1. Homeopaths and chiropractors invade Tanzania – One thing that medical science has firmly determined is that homeopathy and chiropractic are not legitimate treatments for pretty much anything. And among the long list of conditions these two pseudo-sciences cannot in fact treat is AIDS. And yet practitioners of both voodoo medicines are traveling to Tanzania to bring false hope to AIDS patients.

2. Anthony Hopkins slips skepticism into ‘The Rite’ – It seems Jody Foster wasn’t the only atheist starring in The Silence of the Lambs. In a recent interview promoting the latest alleged “inspired by true events” knock-off of The Exorcist titled The Rite, Hopkins revealed that as an atheist, he didn’t feel completely comfortable playing a character he couldn’t personally identify with and so managed to write some dialogue for his character that encourages skeptical thinking. Here’s how Hopkins explains his additions:

There’s a scene in the courtyard after the first exorcism, and I’m talking to the young priest [played by] Colin O’Donoghue, who in his character has grave doubts about [exorcisms]. He thinks it’s all a bag of tricks, he thinks it’s all mumbo jumbo and maybe there’s no such thing, which is the debate: Is there such a thing as anthropomorphic presence of the devil or is it mental disturbance? That’s the debate, I guess, in the film and probably in the world.

And after that I say to him the problem with skeptics and atheists, is that we never know the truth. We’re always trying to find the truth. What would we do if we found it? And I asked [director Mikael Håfström] if I could write that line. To describe myself as an atheist, as a skeptic which makes the young priest turn [and say], “You?”, and I go, “Oh yeah, every day I struggle. Most days. Some days I don’t know if I believe in God or Santa Clause or Tinkerbell.”
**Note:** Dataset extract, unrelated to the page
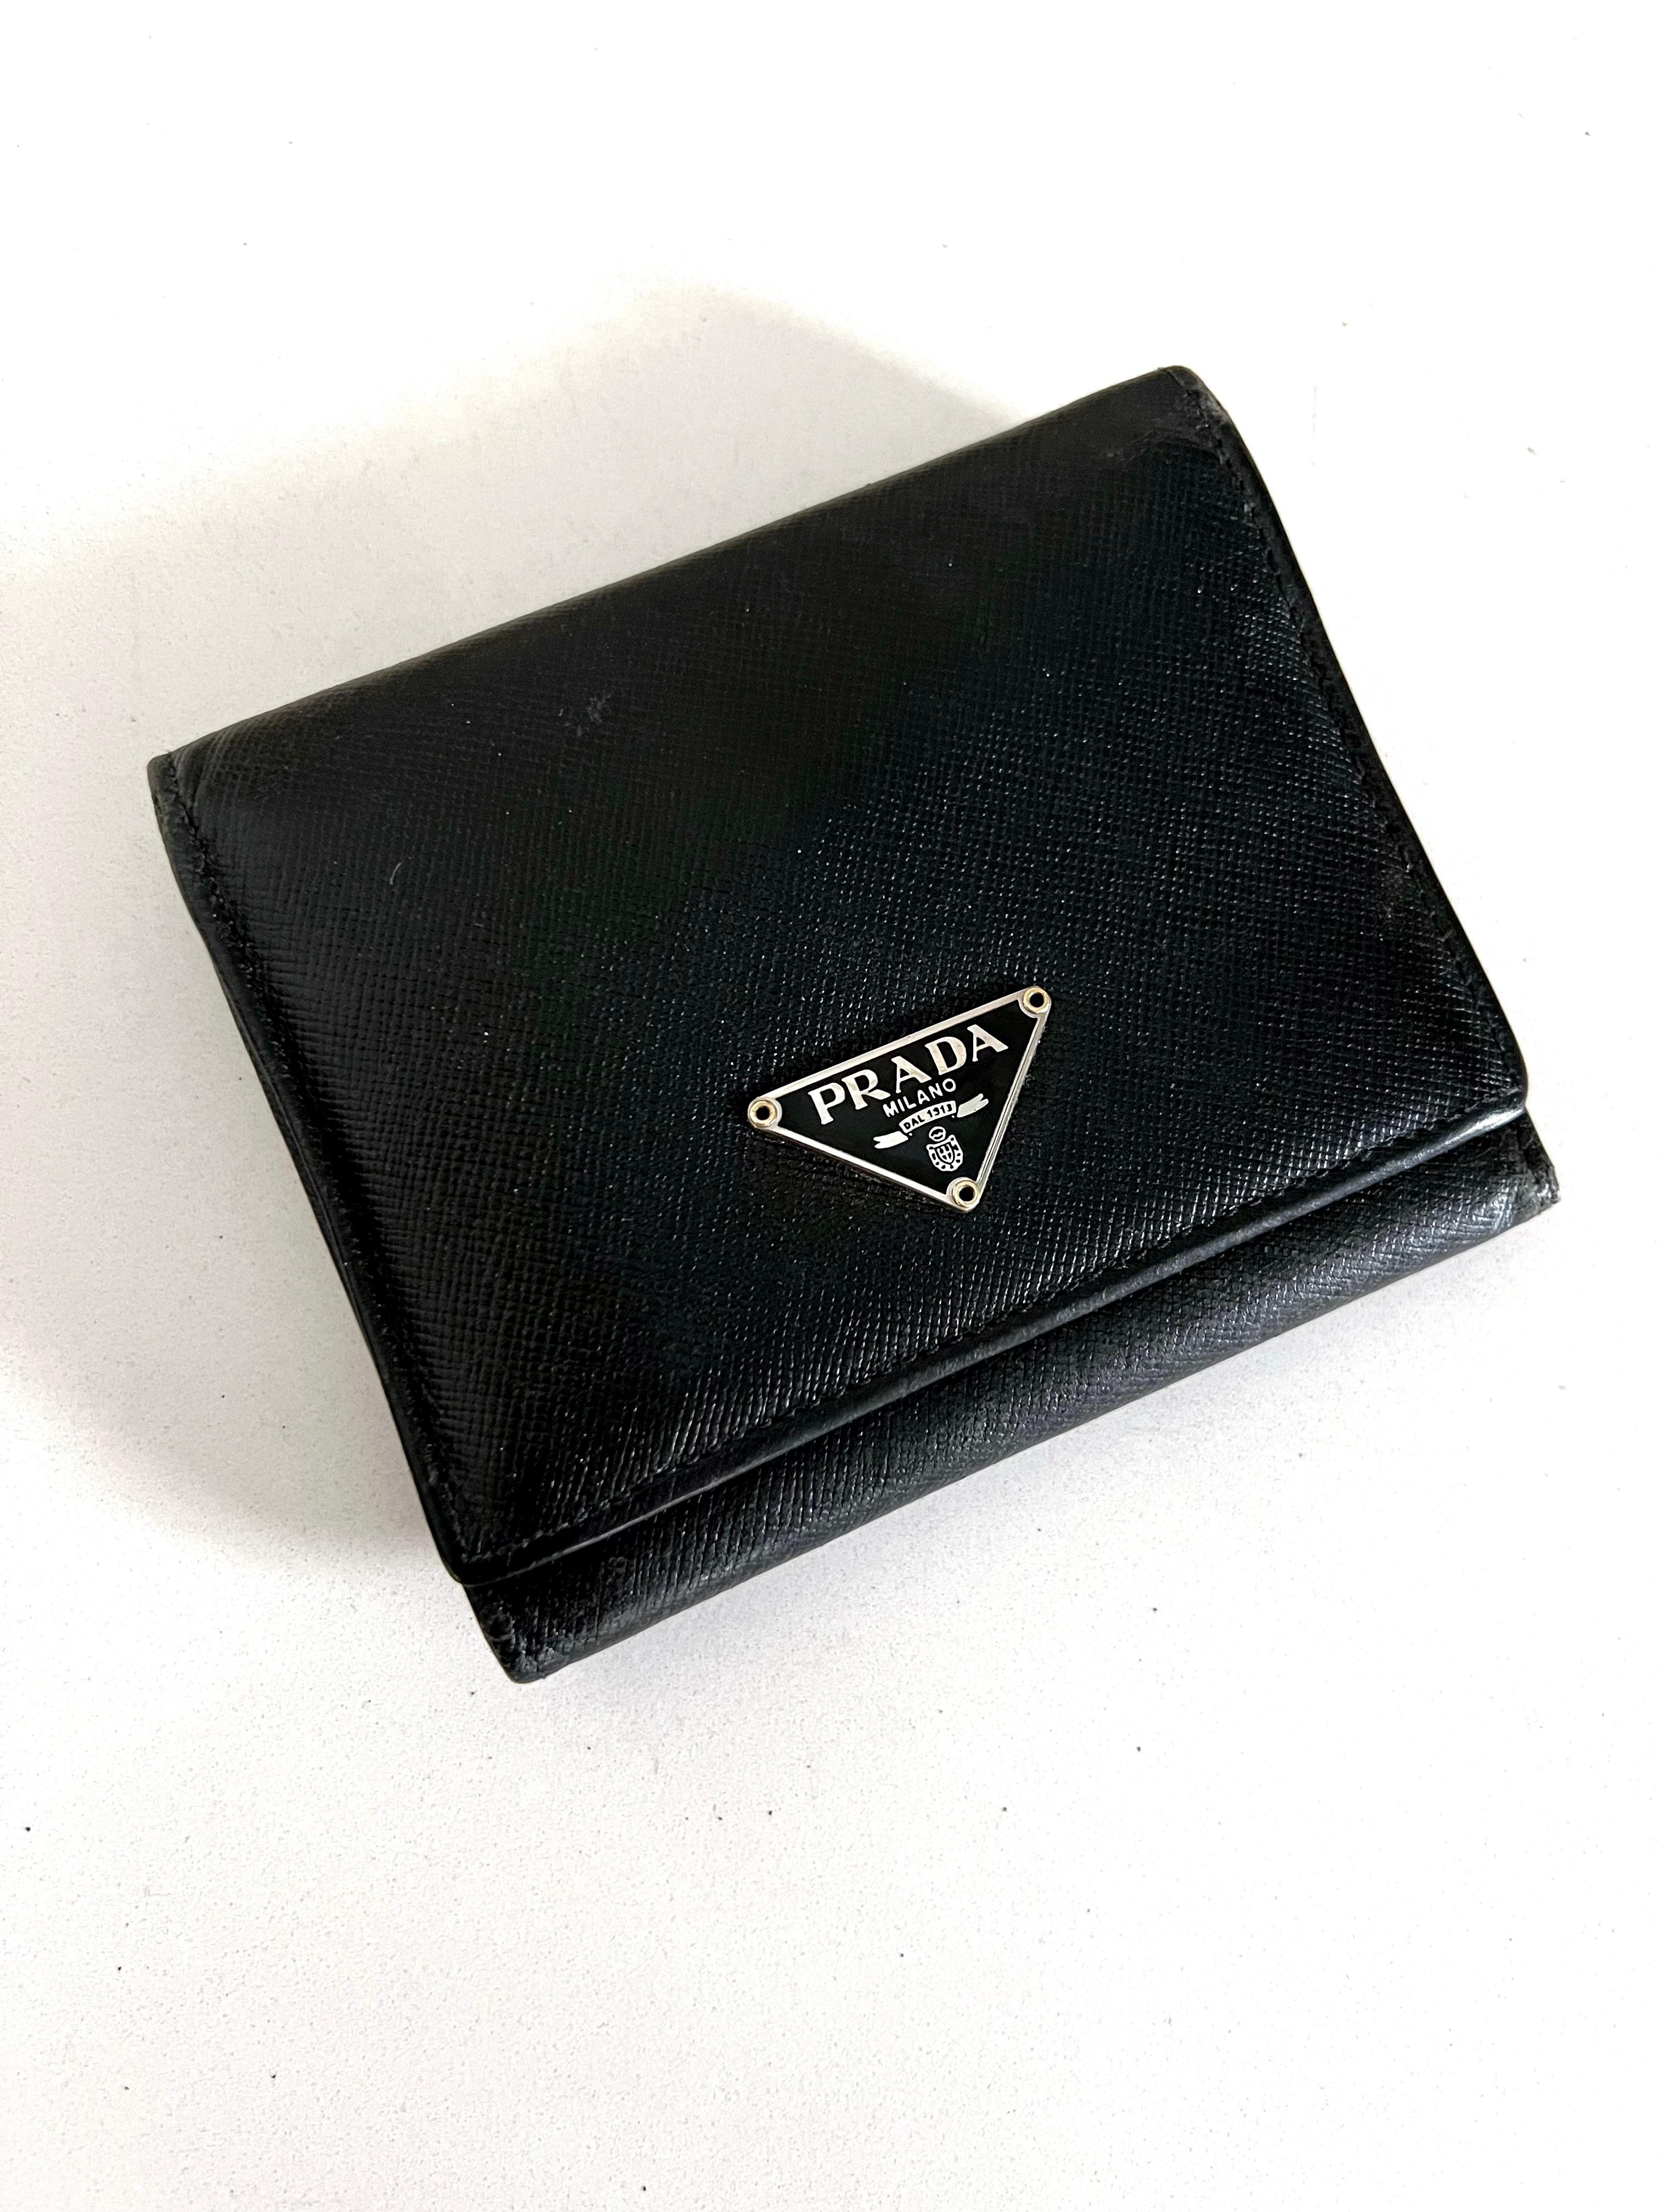 A wonderful and family un-used Prada Wallet... a more traditional mans size wallet, but great for anyone! The wallet easily holds, bills, change and has room for 6 credit cards and spaces for things like car registration, insurance cards, etc. a

3. NBA players sued over Power Balance endorsements – Power Balance bracelets have been debunked as a fraud and recently even the company making them was forced to admit the scientific claims they make are unproven. But what’s interesting is that now two NBA players, Boston’s Shaquille O’Neal and Los Angeles’ Lamar Odom, who endorsed the bracelets have been brought into a class action suit against Power Balance. I for one think this sets a wonderful legal precedent as for too long, athletes have been allowed to use their influence to profit off of any endorsement deal they sign without any accountability or fear of negative consequences. Of course, if they endorsed a brand of cigarette or any product that was known to directly cause serious health problems , they probably would get a lot of heat for it, but not for something like Power Balance that doesn’t cause any direct physical harm but simply doesn’t really perform the service it promises. Now maybe athletes will think twice before accepting just any endorsement that comes their way.
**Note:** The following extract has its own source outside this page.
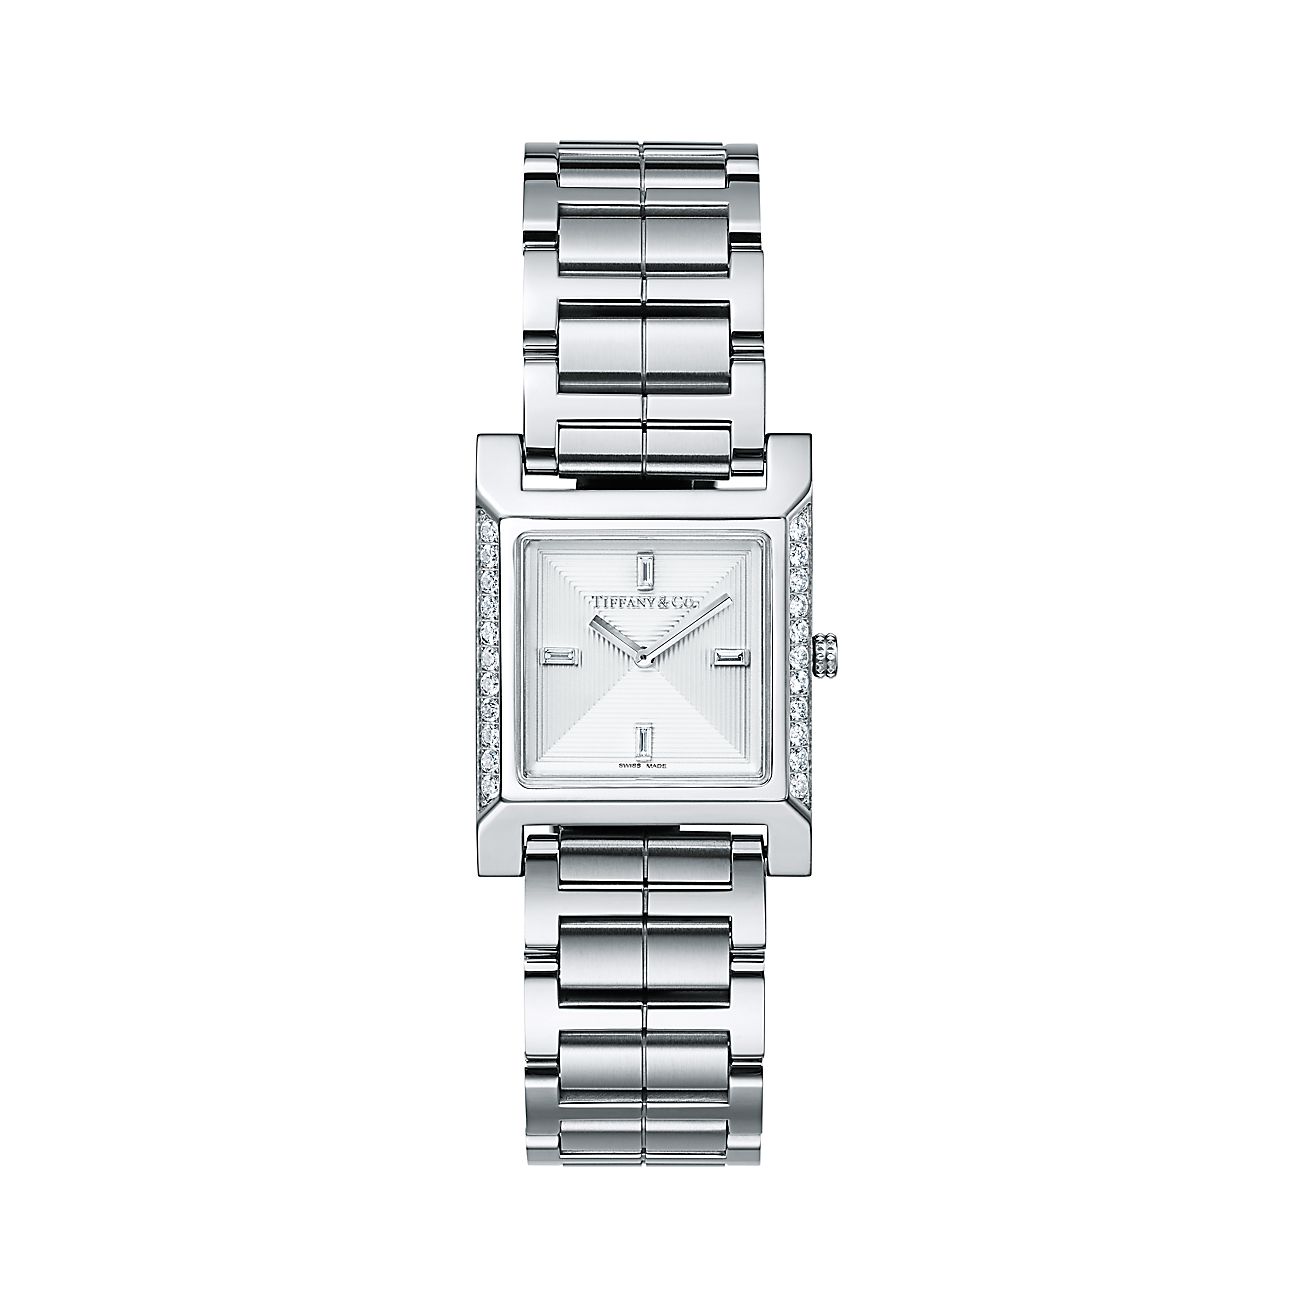 Tiffany 1837 Makers 22 mm square watch in stainless steel with

4. Help me Kinect. You’re my only hope. – Scientists are working on holographic technology similar to what we’ve seen in Star Wars and have even put together a short demonstration of the technology featuring a reenactment of the famous Princess Leia holographic message to Obi Wan Kenobi. You can see that demonstration in the link above.

5. Artificial retinas see well enough to balance a pencil – This will no doubt play a critical role in the evil plots of Skynet/the Cylons/the Replicants/Agent Smith’s.